**INFORMATION SUPPLIED**
+===+

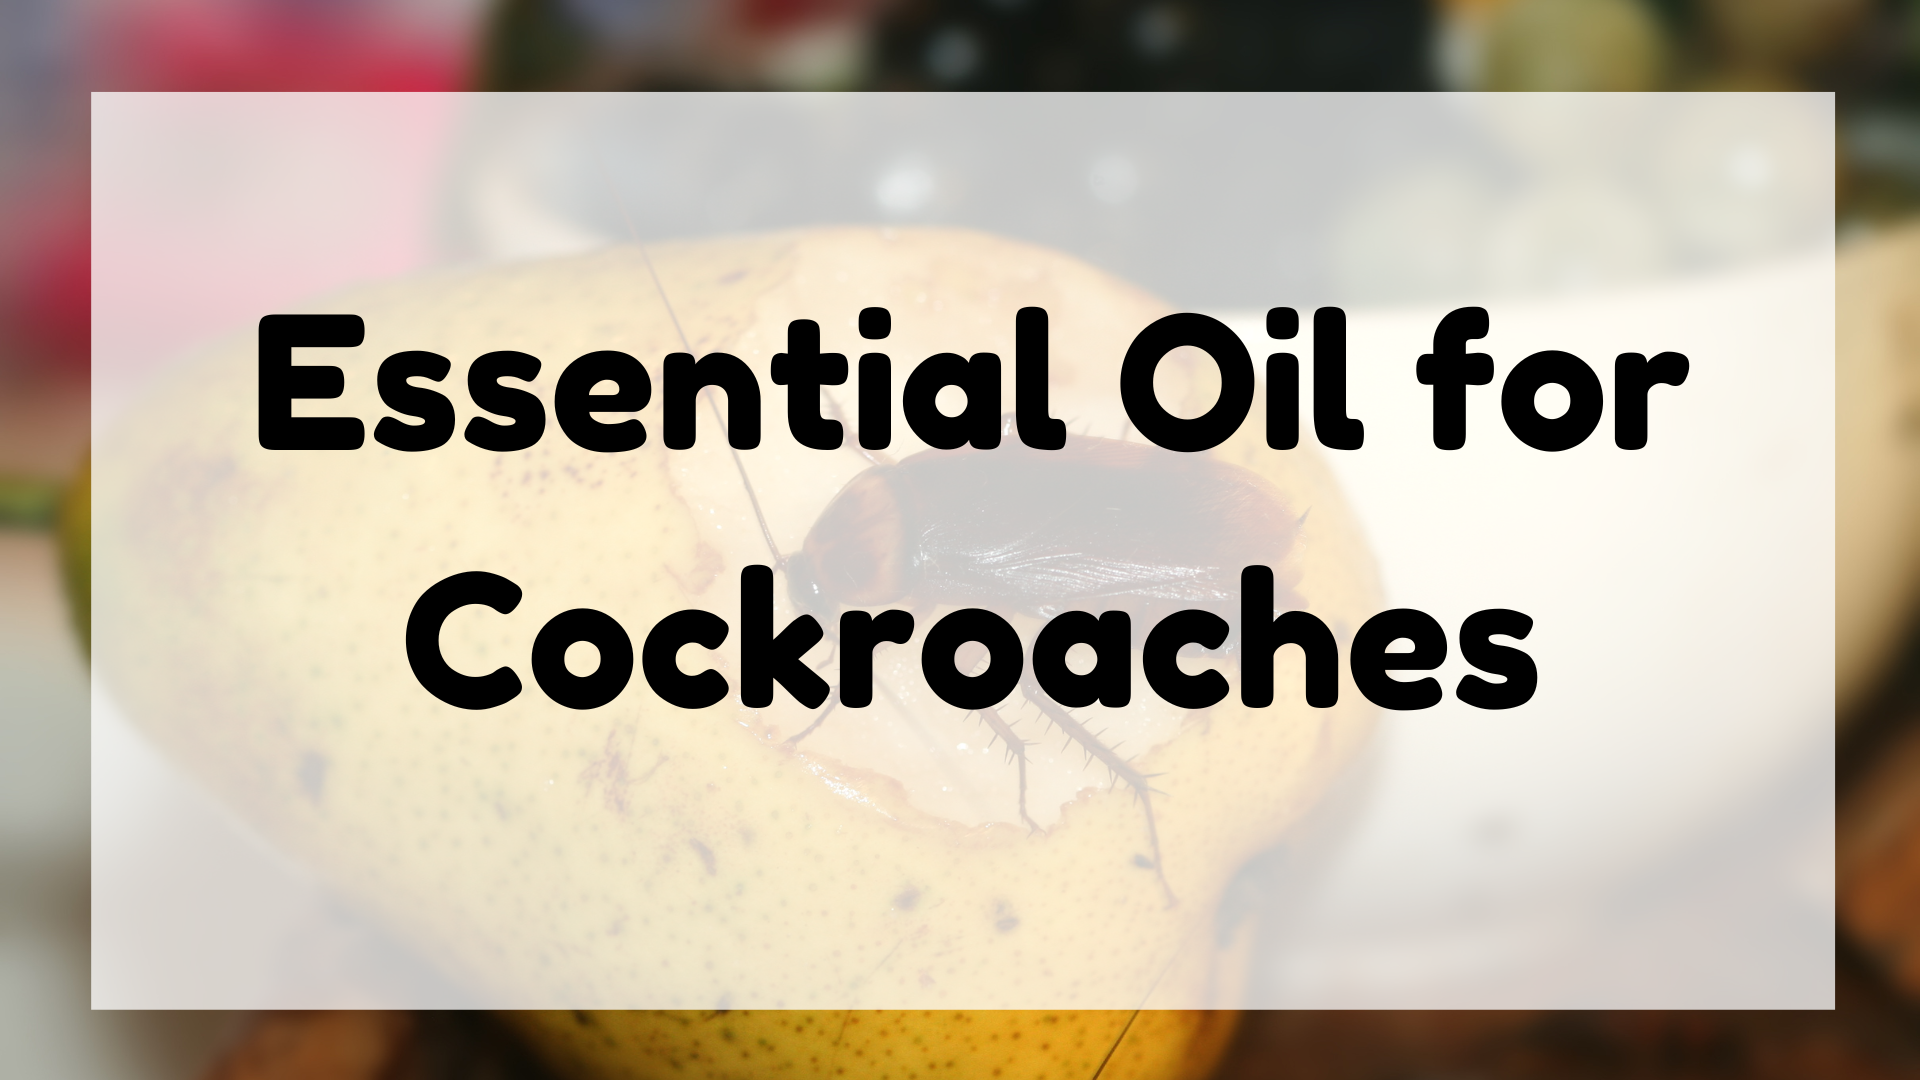 Essential Oil for Cockroaches featured image
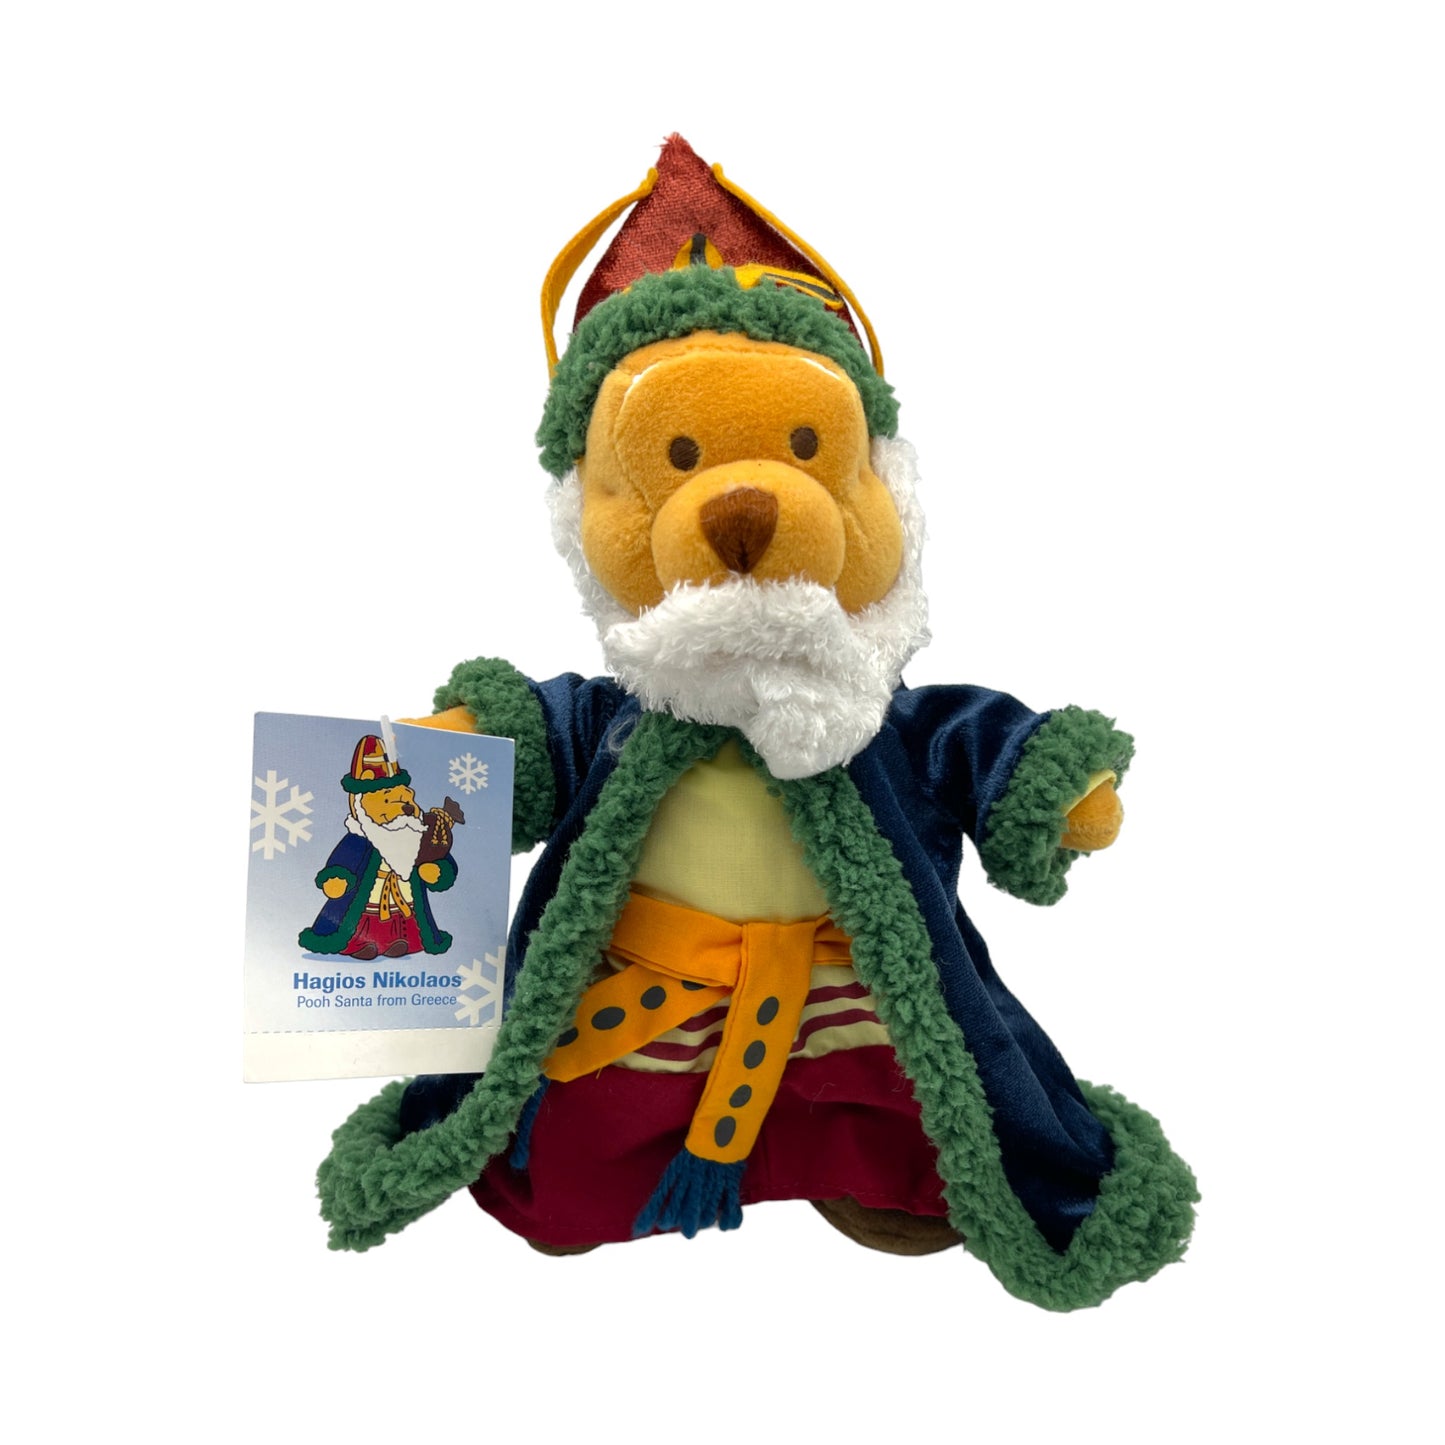 Disney Store - Pooh Santa From Greece - #8 In Series - With Tag - 8"
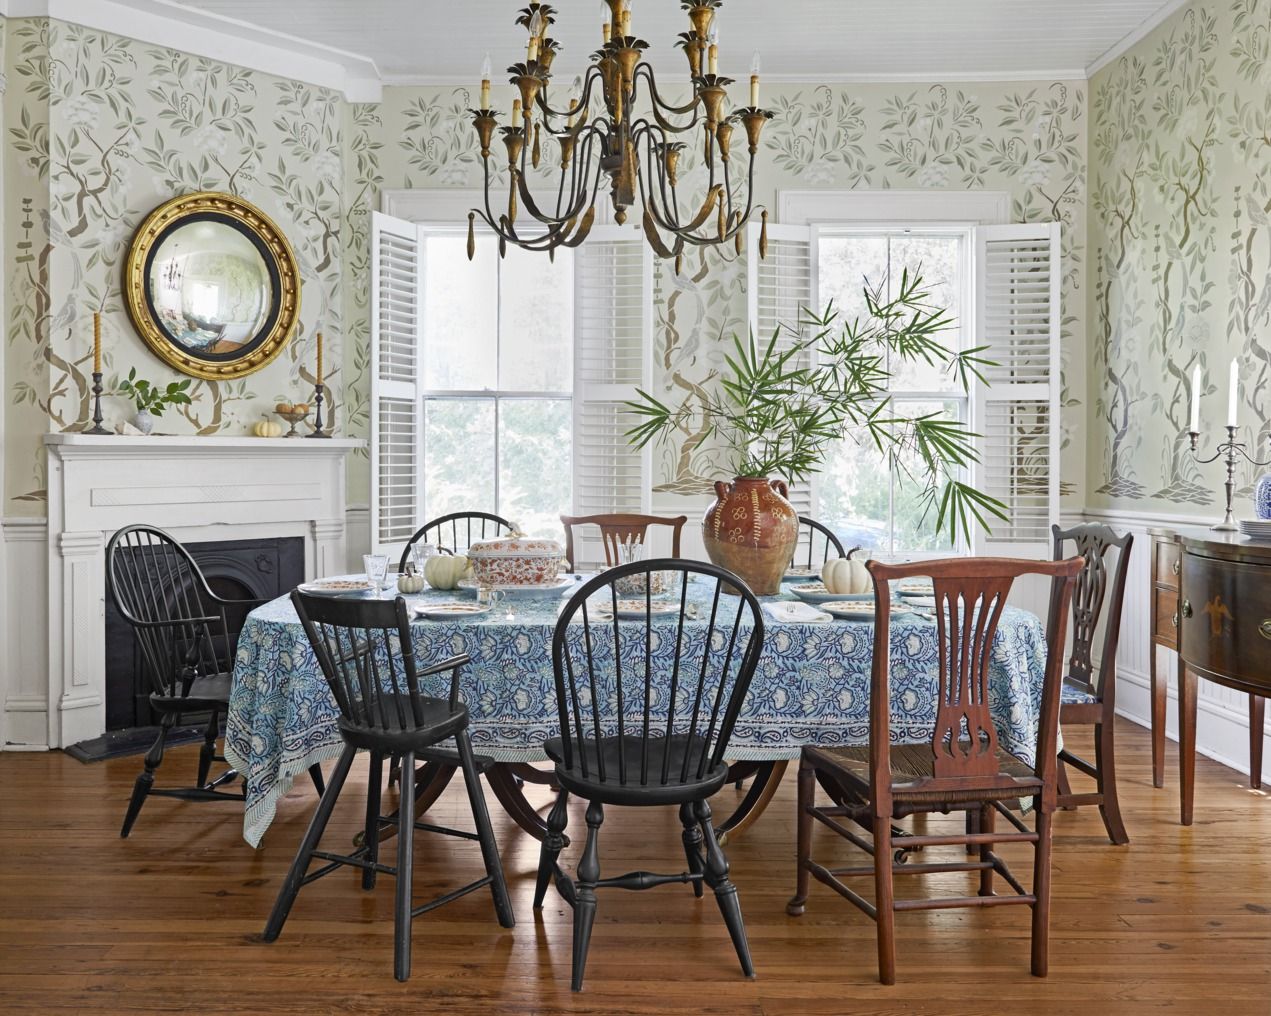 50 Dining Room Decor Ideas For a Stylish Entertaining Space

+===+

**WHAT IS BEING ASKED**
Write out the listing word for word, omitting the pictures it holds.

**ANSWER TO THIS PROBLEM**
 Essential Oil for Cockroaches featured image
 Disney Store - Pooh Santa From Greece - #8 In Series - With Tag - 8"
 50 Dining Room Decor Ideas For a Stylish Entertaining Space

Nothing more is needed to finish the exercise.